Held: The Pennsylvania rule governing conflicts of laws
does not violate the Full Faith and Credit Clause of the
Constitution, and the judgment is sustained. Pp.
345 U. S.
515-519.
(a) Applying the statute of limitations of the forum to a
foreign substantive right does not deny full faith and credit. P.
345 U. S.
516.
(b) A different result is not required merely because a
different statute of limitations is included in a foreign statute
creating a substantive right unknown to the common law. Pp.
345 U. S.
517-518.
(c)
Engel v. Davenport, 271 U. S.
33;
Hughes v. Fetter, 341 U.
S. 609, and
First Nat. Bank v. United Air
Lines, 342 U. S. 396,
distinguished.
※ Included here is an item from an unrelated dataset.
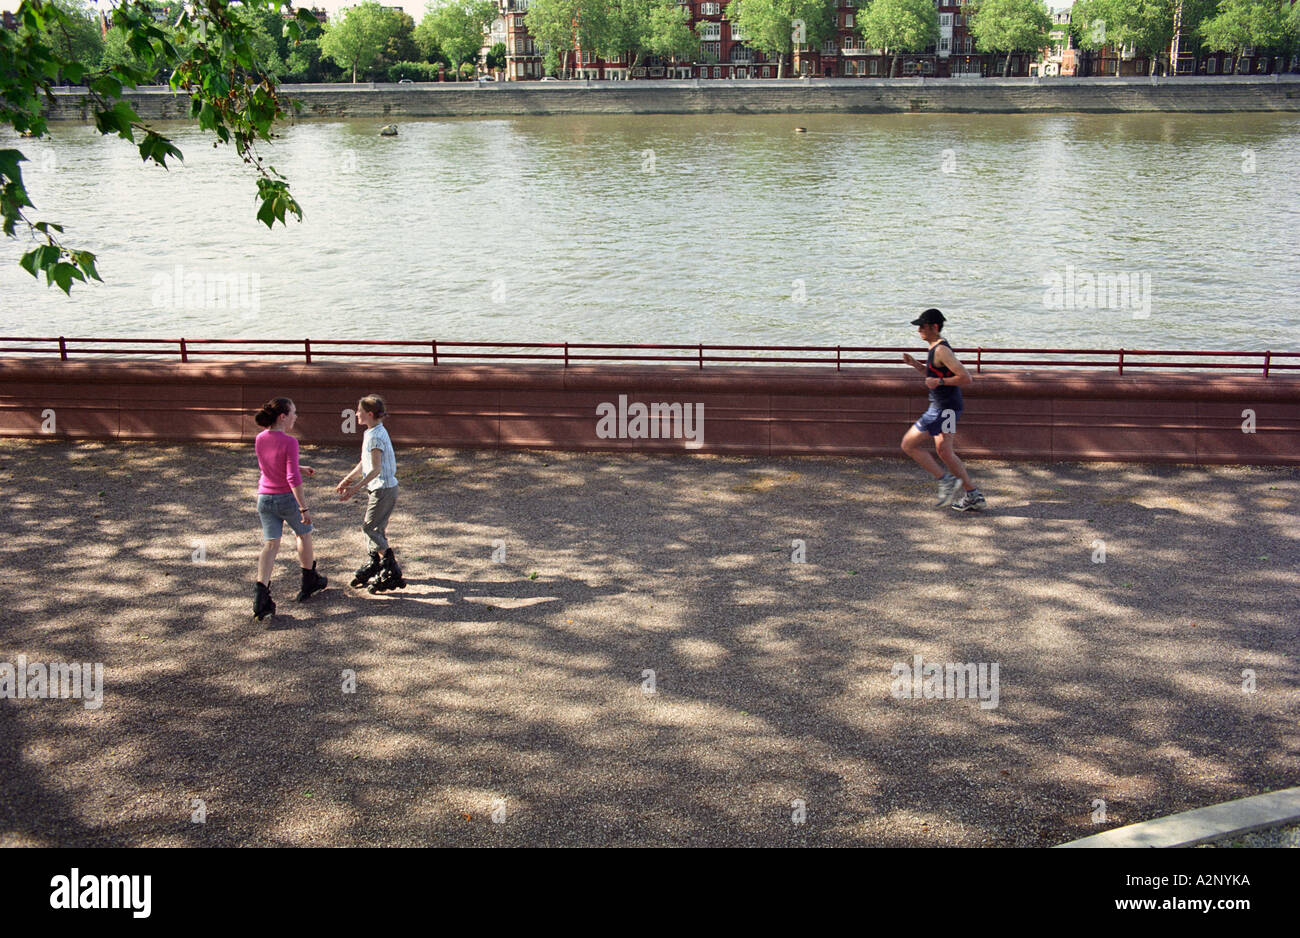 United Kingdom, England, London. Battersea Park alongside the river Thames. Young people roller skating. Man jogging Stock Photo

Pp.
345 U. S.
518-519.
195 F.2d 814 affirmed.
In petitioner's suit for wrongful death, a federal district
court granted summary judgment for respondent. 102 F. Supp. 519.
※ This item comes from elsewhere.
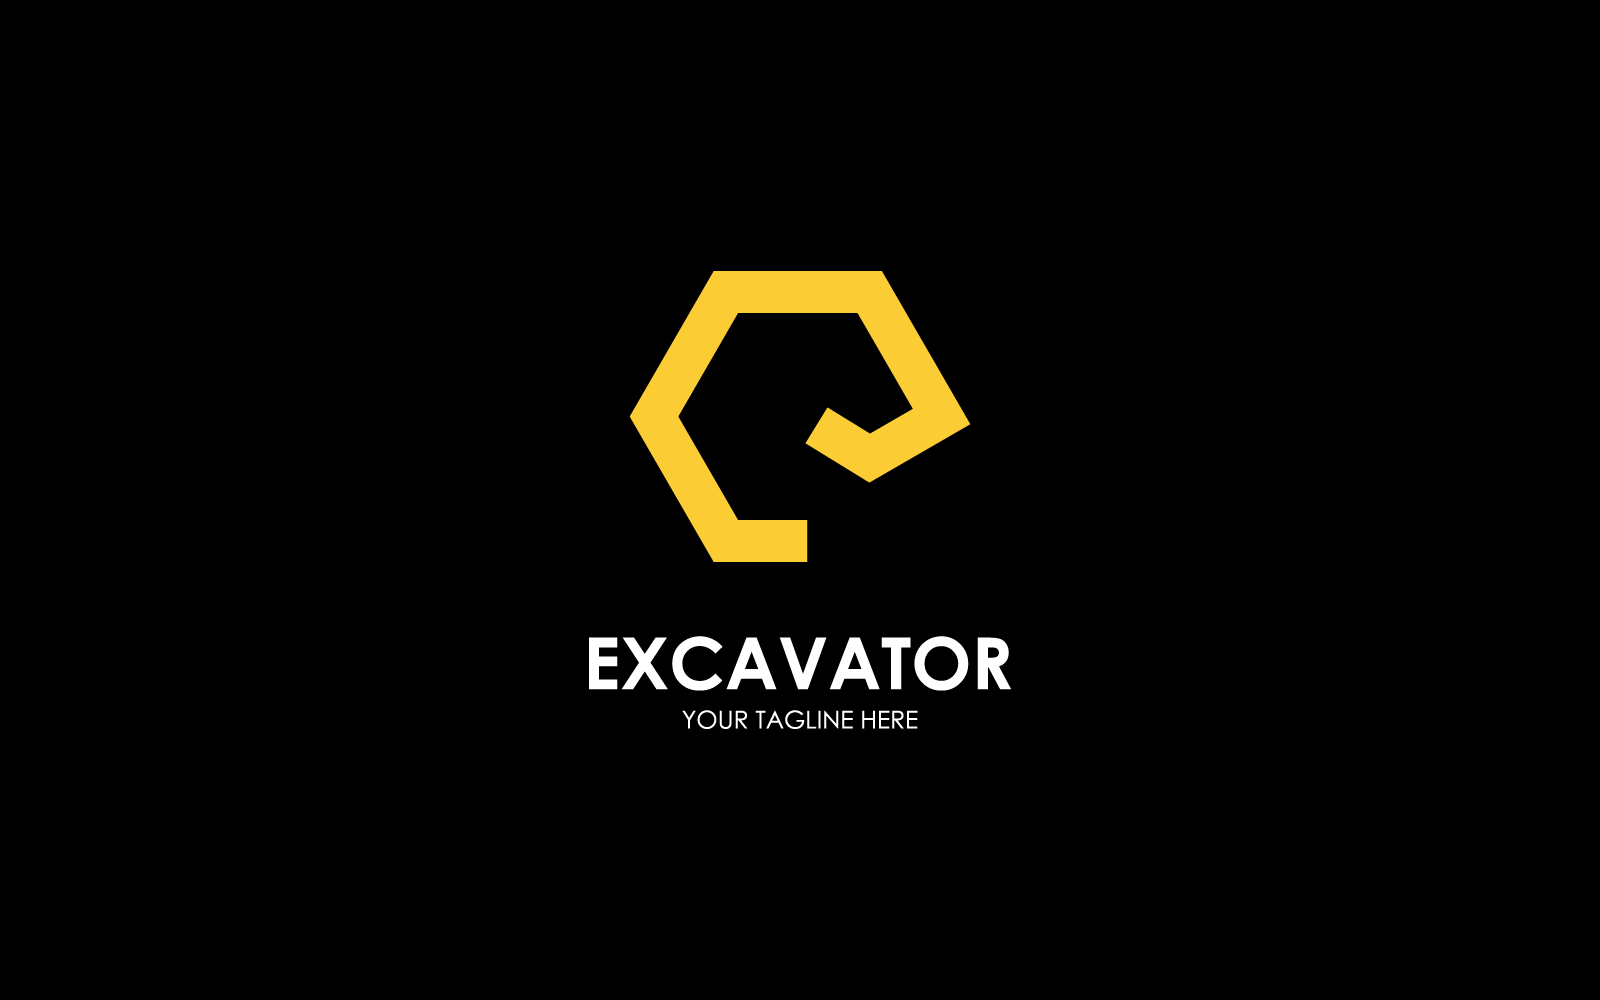 Excavator logo design vector illustration template

The Court of Appeals affirmed. 195 F.2d 814. This Court granted
certiorari. 344 U.S. 815.
Affirmed, p.
345 U. S.
519.
Page 345 U. S. 515
MR. CHIEF JUSTICE VINSON delivered the opinion of the Court.
Cheek Wells was killed in Alabama when a grinding wheel with
which he was working burst. The wheel had been manufactured by the
respondent, a corporation with its principal place of business in
Pennsylvania. The administratrix of the estate of Cheek Wells
brought an action for damages in the federal court for the Eastern
District of Pennsylvania after one year, but within two years,
after the death. Jurisdiction was based upon diversity of
citizenship.
The section of the Alabama Code [
Footnote 1] upon which petitioner predicated her action
for wrongful death provided that action " . . . must be brought
within two years from and after the death. . . ." The respondent
moved for summary judgment on the ground the Pennsylvania
Page 345 U. S. 516
wrongful death statute required suit to be commenced within one
year. [
Footnote 2] In an
opinion [
Footnote 3] on that
motion, the district judge found that the Pennsylvania statute,
which was analogous to the Alabama statute, had a one-year
limitation. He further found that the Pennsylvania conflict of laws
rule called for the application of its own limitation, rather than
that of the place of the accident. Deeming himself bound by the
Pennsylvania conflicts rule, he ordered summary judgment for the
respondent. The Court of Appeals for the Third Circuit affirmed.
[
Footnote 4]
We granted certiorari [
Footnote
5] limited to the question whether this Pennsylvania conflicts
rule violates the Full Faith and Credit Clause [
Footnote 6] of the Federal Constitution.
The states are free to adopt such rules of conflict of laws as
they choose,
Kryger v. Wilson, 242 U.
S. 171 (1916), subject to the Full Faith and Credit
Clause and other constitutional restrictions. The Full Faith and
Credit Clause does not compel a state to adopt any particular set
of rules of conflict of laws; it merely sets certain minimum
requirements which each state must observe when asked to apply the
law of a sister state.
Long ago, we held that applying the statute of limitations of
the forum to a foreign substantive right did not deny full faith
and credit,
McElmoyle v.
Cohen, 13 Pet. 312 (1839);
Townsend
v. Jemison, 9 How. 407 (1850);
Bacon v.
Howard, 20 How. 22 (1857). Recently we referred
to
". . . the well established principle of conflict
Page 345 U. S. 517
of laws that '[i]f action is barred by the statute of
limitations of the forum, no action can be maintained though action
is not barred in the state where the cause of action arose.'
Restatement, Conflict of Laws, § 603 (1934)."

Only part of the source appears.